82 comments meetpateltech deepmind.google

I’m optimistic about humanoid robotics, but I’m curious about the reliability issue. Biological limbs and hands are quite miraculous when you consider that they are able to constantly interact with the world, which entails some natural wear and tear, but then constantly heal themselves.

gene-h 13 hours ago

Industrial robots at least are very reliable, MTBF is often upwards of 100,000 hours[0]. Industrial robots are optimized to be as reliable as possible because the longer they last and less often they need to be fixed, the more profitable they are. In fact, German and Japanese companies came to dominate the industrial robotics market because they focused on reliability. They developed rotary electric actuators that were more reliable. Cincinnati Millicron(US) was out competed in the industrial robot market because although their hydraulic robots were strong, they were less reliable.

I am personally a bit skeptical of anthropormophic hands achieving similarly high reliability. There's just too many small parts that need to withstand high forces.

[0]https://robotsdoneright.com/Articles/what-are-the-different-...

ragebol 7 hours ago

If you E-stop an industrial robot, it stops immediately, all OK. If a humanoid were to freeze like that, it would fall over and hurt you and your stuff on the way down, when it'll damage itself.

Mechanical reliability is not the main concern IMO

marinmania 1 day ago

It does either get very exciting or very spooky thinking of the possibilities in the near future.

I had always assumed that such a robot would be very specific (like a cleaning robot) but it does seem like by the time they are ready they will be very generalizable.

I know they would require quite a few sensors and motors, but compared to self-driving cars their liability would be less and they would use far less material.

fragmede 1 day ago

The exciting part comes when two robots are able to do repairs on each other.

marinmania 1 day ago

I think this is the spooky part. I feel dumb saying it, but is there a point where they are able to coordinate and build a factory to build chips/more of themselves? Or other things entirely?

bamboozled 1 day ago

Of course there is

ta988 9 hours ago

But this still has a massive cost. Replacing or repairing an actuator isn't cheap, in material and in time of unavailability.

jacobaul 7 hours ago

To maybe get a little carried away with the sci-fi for a minute, why does the Actuator need to cost anything?

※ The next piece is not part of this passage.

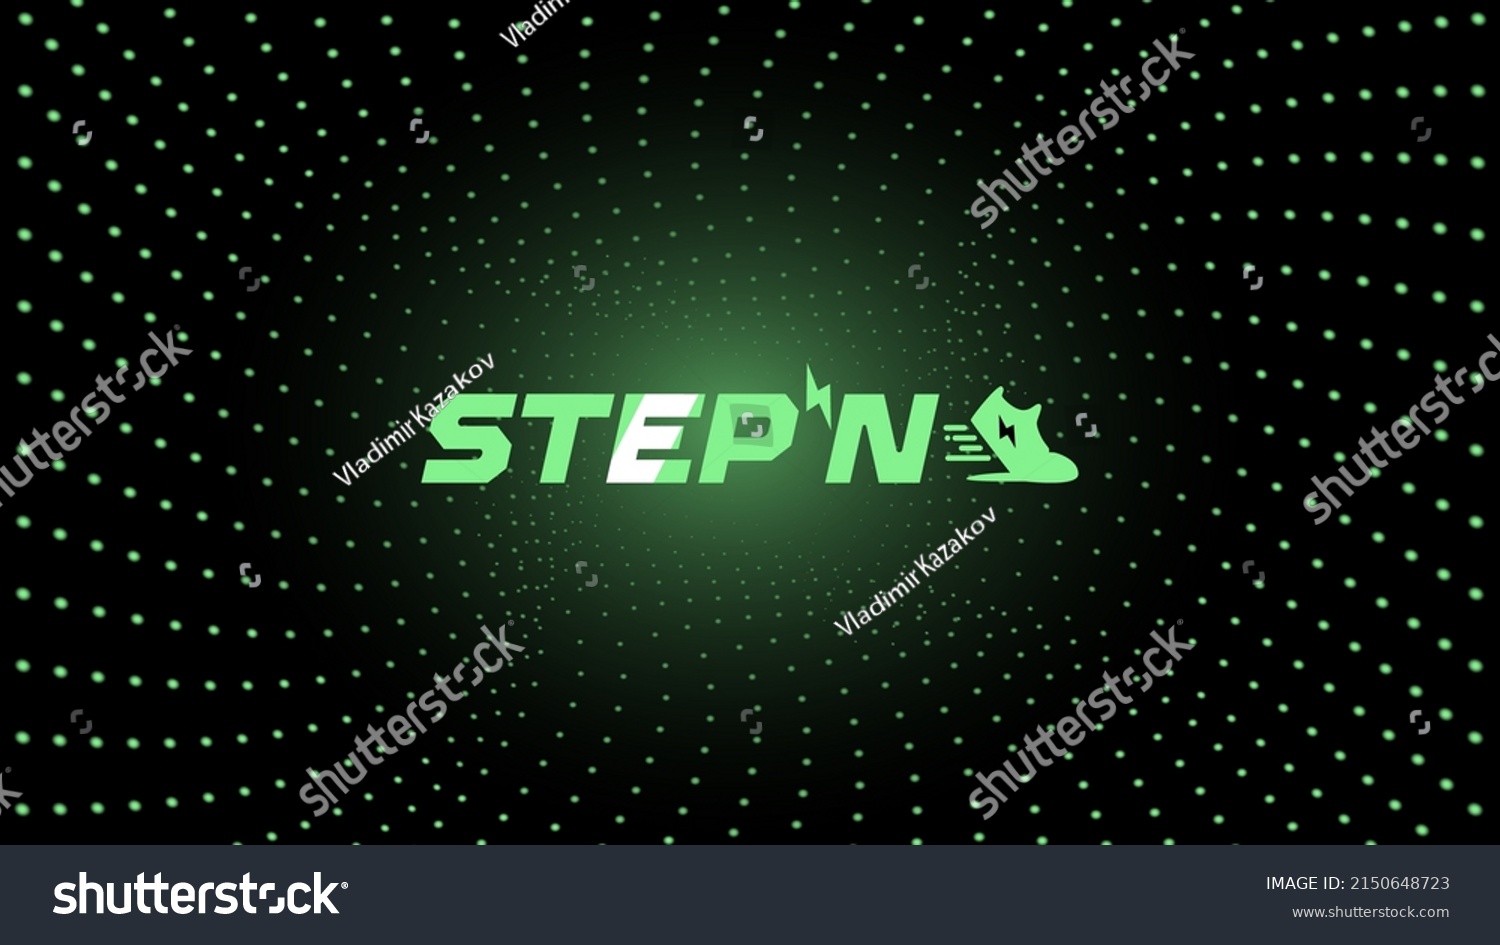 SVG of STEPN company logo icon in the center of spiral of glowing green dots on dark background. Web3 running app with fun game and social elements with Move to Earn concept. Vector illustration. svg

When the tree of costs that make up a product are traced, surely all the leaf nodes are human labour? As in, to make the actuator, I had to pay someone to assemble it and I had to buy the parts. Each part had a materials cost and a labour cost. So it goes for the factory that made the fasteners, the foundry that made the steel, the mine that extracted the ore.

Shudder to think of how to regulate resource extraction in a future where AI humanoid robots are strip mining and logging for free.

david-gpu 6 hours ago

> When the tree of costs that make up a product are traced, surely all the leaf nodes are human labour?

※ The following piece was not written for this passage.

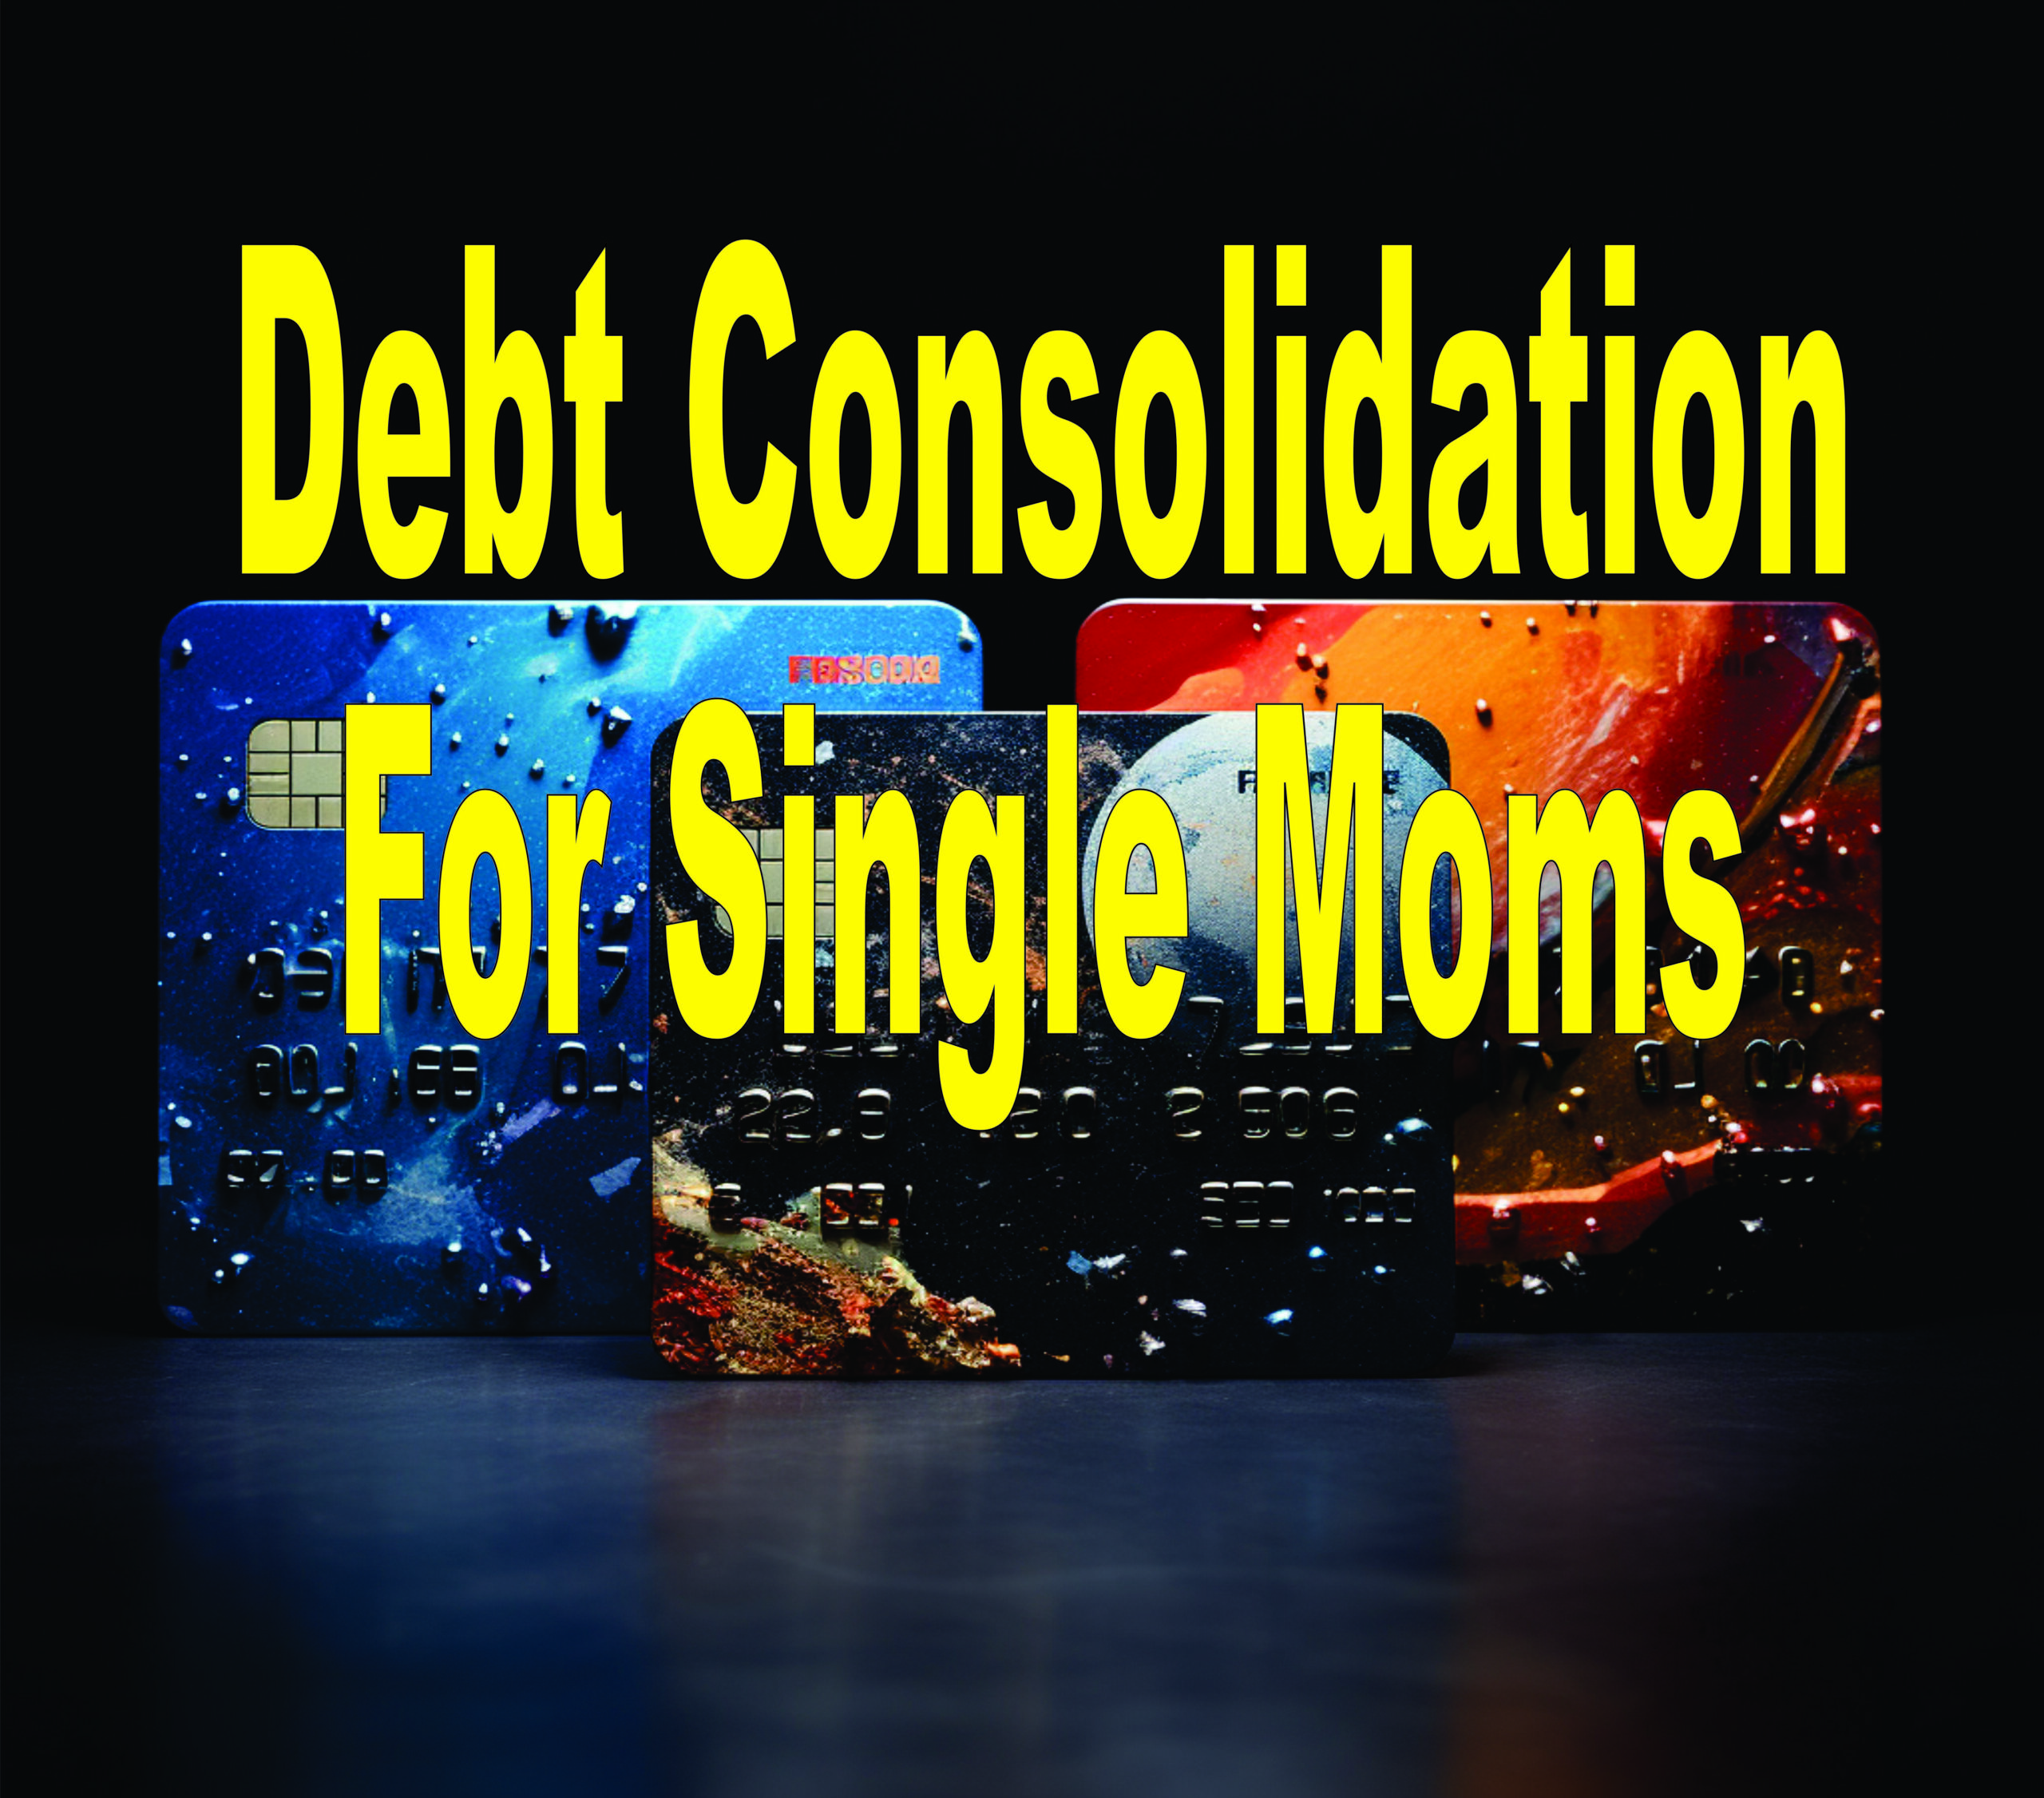 Debt Consolidation For Single Moms

What about energy, real estate and taxes?

Even at the extreme end of automation, if you want iron ore, you need to buy a mine from somebody, pay taxes on it, and power the machines to extract the minerals and transport them elsewhere for processing.

pryelluw 1 day ago

2 bots 1 bolt ?

UltraSane 1 day ago

Consumable components could be automatically replaced by other robots.

didip 1 day ago

I think those problems can be solved with further research in material science, no? Combined that with very responsive but low torque servos, I think this is a solvable problem.

michaelt 1 day ago

It's a simple matter of the number of motors you have. [1]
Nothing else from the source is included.